About this quote: "Early results of a survey seem to show that British consumers offered discounts or other promotions on a range of consumer goods display a mental response which resembles that of sexual arousal." Thank you! Haven't had such a good laugh in ages. Will now go and read my IKEA porn in private. (it's not April 1st already, is it?)
Susan.Thomas, Brisbane, Australia

Paper Monitor

14:29 UK time, Monday, 27 September 2010

A service highlighting the riches of the daily press.

So, Ed Miliband - hit or miss?

Mostly the paper's divide down predictable lines.

The Daily Telegraph's Andrew Gimson skilfully twists Mr Miliband's claim that he is "nobody's man" to frame him as an empty vessel, by way of a literary reference to George Grossmith's Diary of a Nobody (and a bit of a dig at his sister paper).

"Mr Miliband said in an article for yesterday's Sunday Telegraph - an attempt we suppose, to establish himself as Read Ed rather than Red Ed [ouch - was the Sunday Telegraph forced to take the piece?] - that he is 'on the side of the squeezed middle' a description that fits Mr [Charles] Pooter [the book's fictitious diarist]."

The Daily Mail characteristically under-plays Ed's relationship with thwarted brother David:

"Torn apart, the Cain and Abel of Primrose Hill."

And while the Independent unleashes a troika of star political writers to analyse the "Ed Miliband era", none of them can match the Sun's commentator for incisive insight.

"It's troubling to think that Ed could follow [father] Ralph Miliband's socialist leanings. As Karl Marx himself said: 'History repeats itself first as tragedy, second as farce.'"
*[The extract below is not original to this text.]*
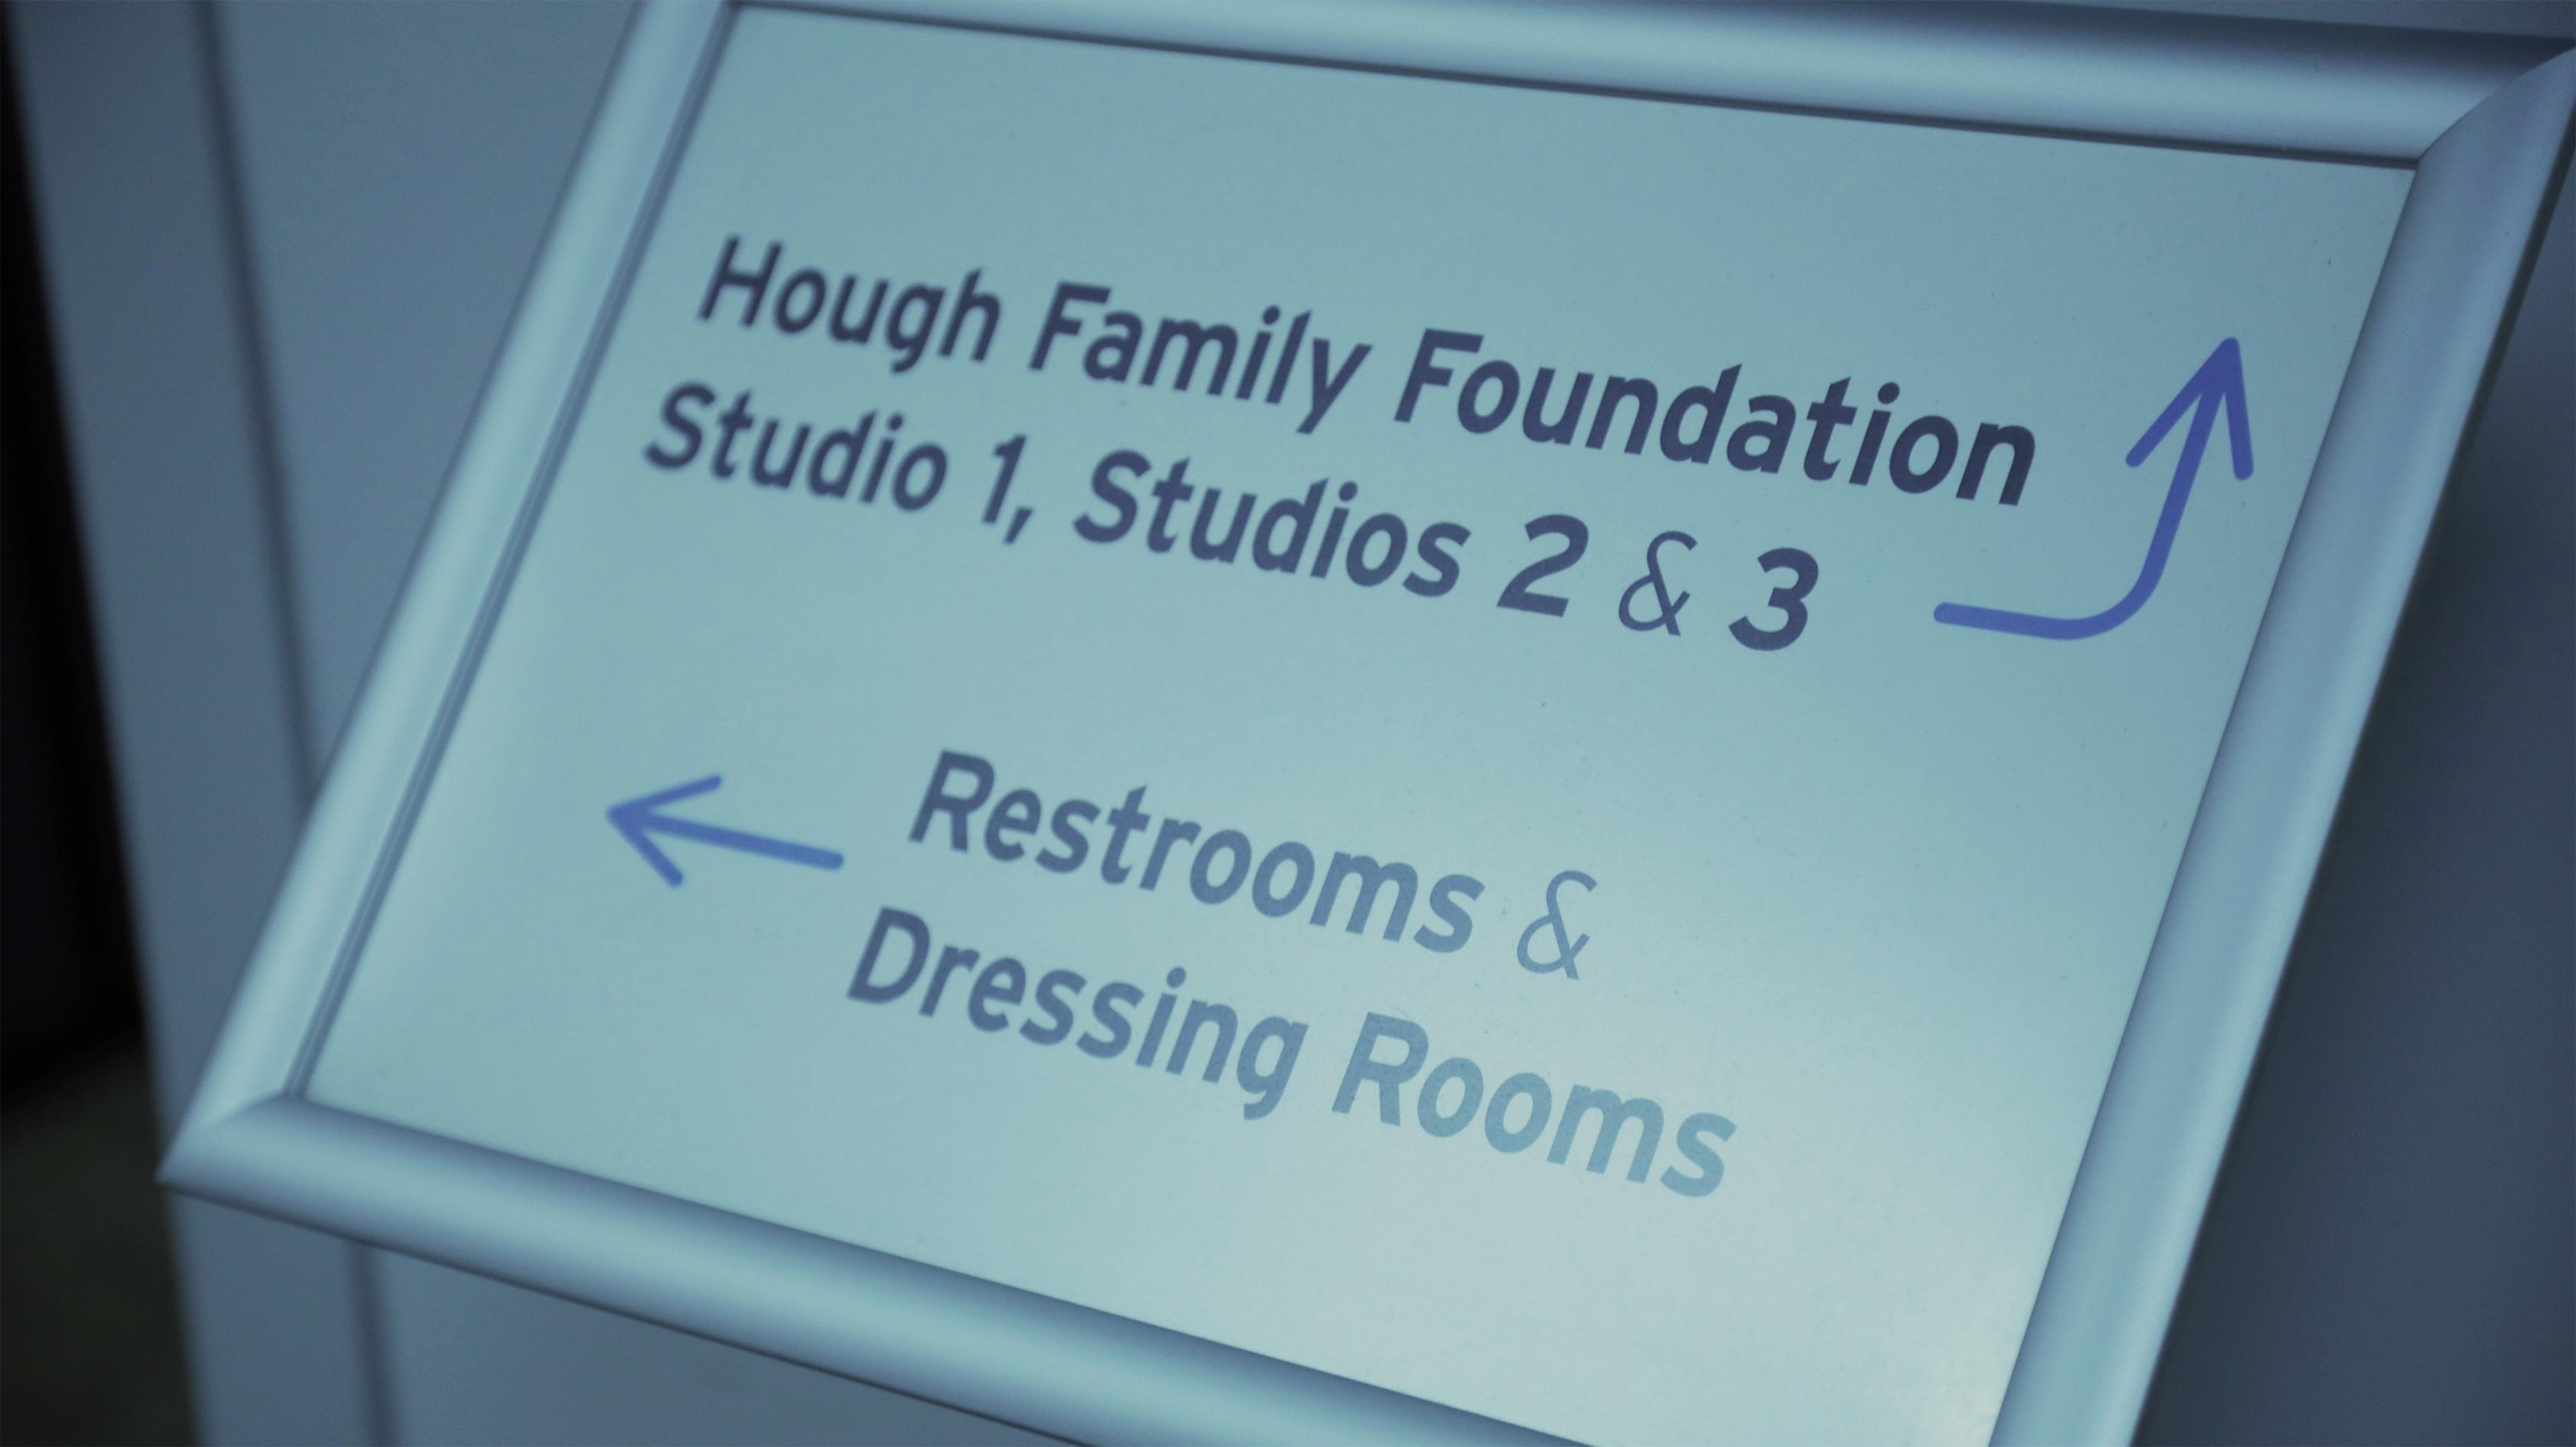 WEDU Studios & Facilities - Hough Family Foundation Studio 1, Studios 2 and 3, Restrooms and Dressing Rooms

The originator of these remarks? Katie, 25, from Liverpool, whose picture dominates much of the paper's page three.

Monday's Quote of the Day

09:09 UK time, Monday, 27 September 2010

"Your government looks like a youth club" - Israel's defence minister Ehud Barak to Nick Clegg

The former Israeli prime minister met Mr Clegg at the United Nations in New York, and immediately gave the fresh-faced 43-year-old his valuable first impressions of the coalition government.